Тогда Нарбут и не думал, расторгнут ли его небесный брак – ведь с Ниною в четырнадцатом году он венчался… Он был околдован и не думал ни о чем, кроме Симы. И карьеры. Столь удачно складывающейся карьеры советского партийного издателя.

Он увез Серафиму в Москву, где вскоре создал и возглавил новое дело – издательство «Земля и фабрика». Название в духе нового времени муровое, но издательство получилось мощное, и стало его оправданием перед самим собой за дореволюционные издательские провалы.

Но вскоре в Мыльниковом переулке на Чистых прудах, в комнате у ранее переехавшего в Москву Катаева объявился и брошенный Олеша. Принялся посылать письма, смущать покой его постепенно становящейся маленькой дамой девочки.

Девочка заметалась: «Юрочку жалко!» Попробовала было, собрав чемоданчик, уйти в Мыльников переулок, но Нарбут послал вслед записку всего с одной строкой: «Не вернешься – покончу с собой». Она знала – он покончит.
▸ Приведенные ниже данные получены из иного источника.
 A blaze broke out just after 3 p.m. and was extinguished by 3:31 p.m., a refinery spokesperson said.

И Сима вернулась, чтобы больше не убегать к своему брошенному Юрочке никогда. Разве что единожды – в сказку, где из глубин подсознания брошенного соперника вдруг возникла девочка-кукла Суок. Олеша к тому времени женился на средней из трех сестер со странной австрийской фамилией Суок. Отец девочек Густав Суок приехал в Россию из Австрии, да так и осел на благословенном в ту пору юге, где у него родились сразу три дочки – Лида, Оленька и Сима.

Старшая, Лида, давно уже была женой Багрицкого. Младшая, Серафима, стала его, Нарбута, женой. Олеше досталась средняя – Оленька. И читатели, не знающие подлинной истории его несостоявшейся любви, раскрывая странную сказку новоявленного Андерсена от революции, были уверены, что странное имя досталось девочке-кукле от фамилии новоиспеченной жены писателя. Но он, Нарбут, отбивший у Олеши возлюбленную, знал, кем была на самом деле та сказочная Суок. Как знал и то, что вместо имени Тибул (читай наоборот – лубит, любит, Тибул Суок любит) другому герою этой выдающей все тайны поверженного соперника сказки стоило бы дать имя Тсиваз. Читай наоборот…
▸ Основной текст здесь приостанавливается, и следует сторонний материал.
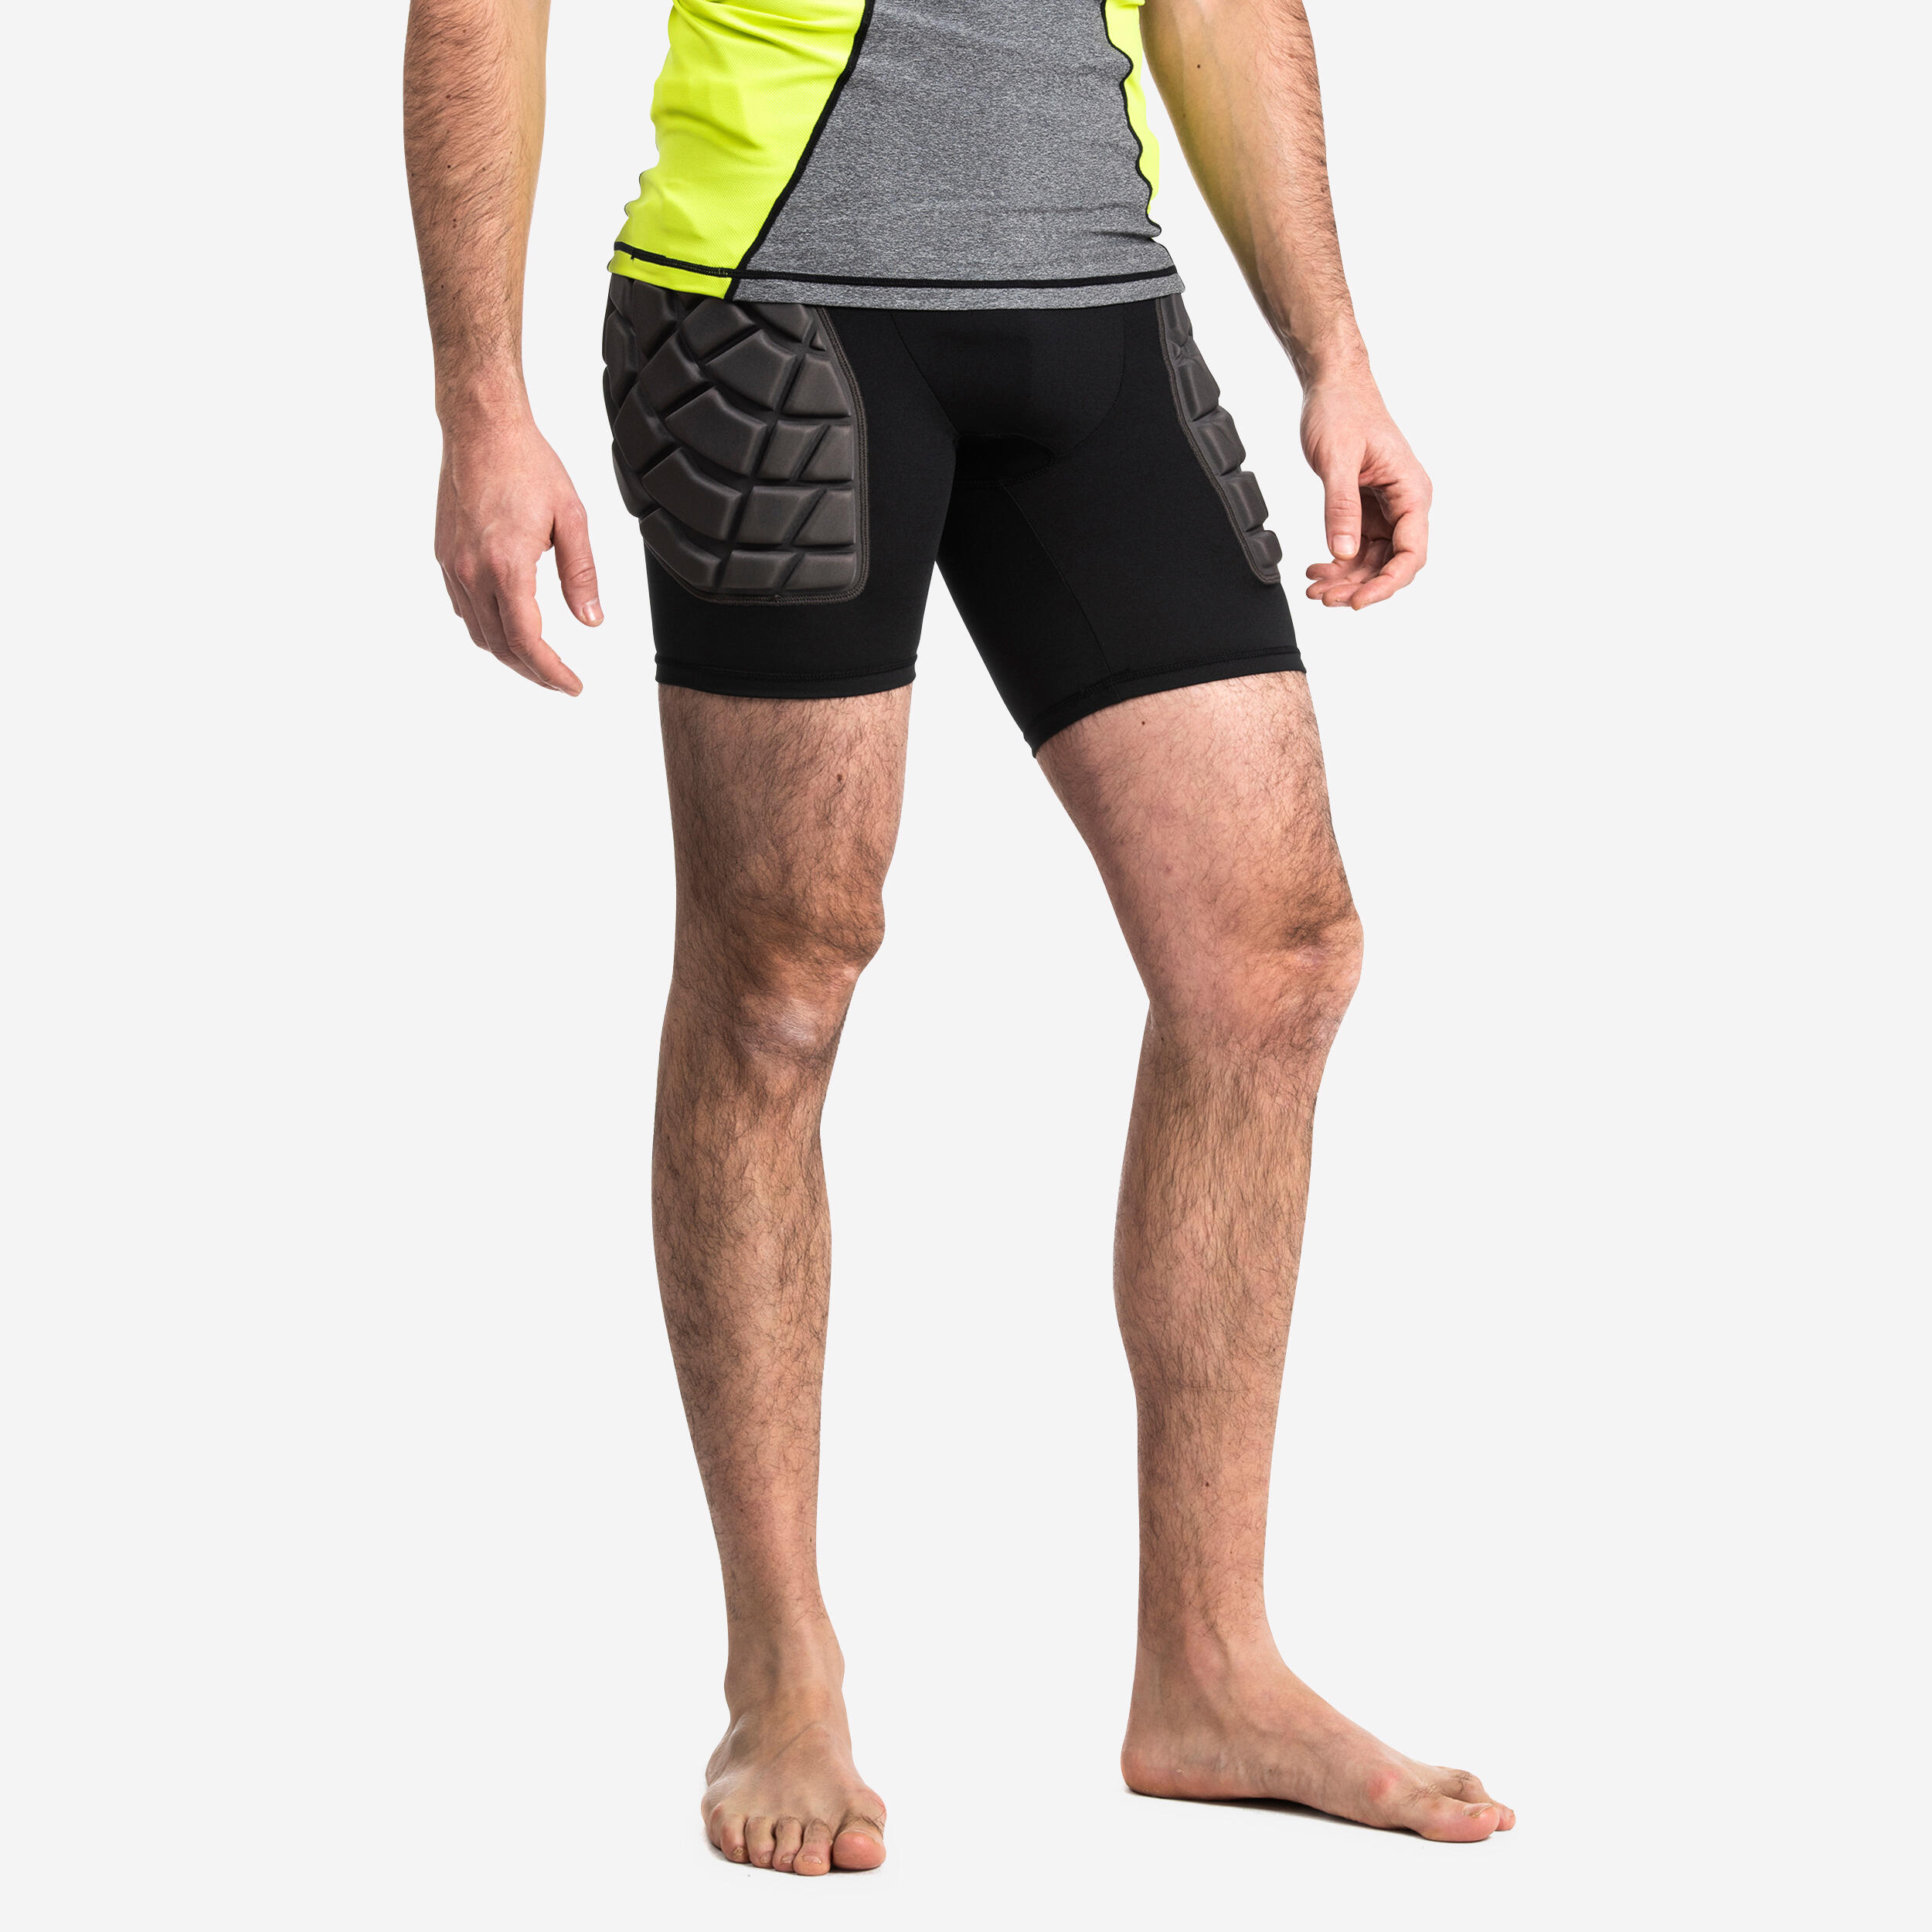 Men's Protective Rugby Undershorts R500 - Black/Yellow 8/9

Зависть? Зависть… «Зависть».

Без зависти не обошлось. Как не обошлось и без нашедших друг друга двух повергнутых конкурентов – соперника в издательском и политическом деле редактора «Красной нови» троцкиста Воронского, и соперника в любви Олеши.

Переигранный в любви коротышка не мог ограничиться выплеснутой в сказке любовью к его жене. Теперь он должен был выплеснуть свою ненависть к нему, к Нарбуту. И свою зависть. Свою «Зависть».

Олеша превратил героя романа в колбасника, но проговорился. Его спросили: «Почему вы сделали своего большевика Бабичева – колбасником?» Юра с таким простодушным ехидством ответил: «А кем он мог быть? Издателем, верно? Это так скучно. Ну что издатель? Кипы бумаги, рулоны бумаги, запах клея – мертвечина. А колбасы, мясо! Это же сама жизнь! Сама плоть!» Плоть… «Плоть».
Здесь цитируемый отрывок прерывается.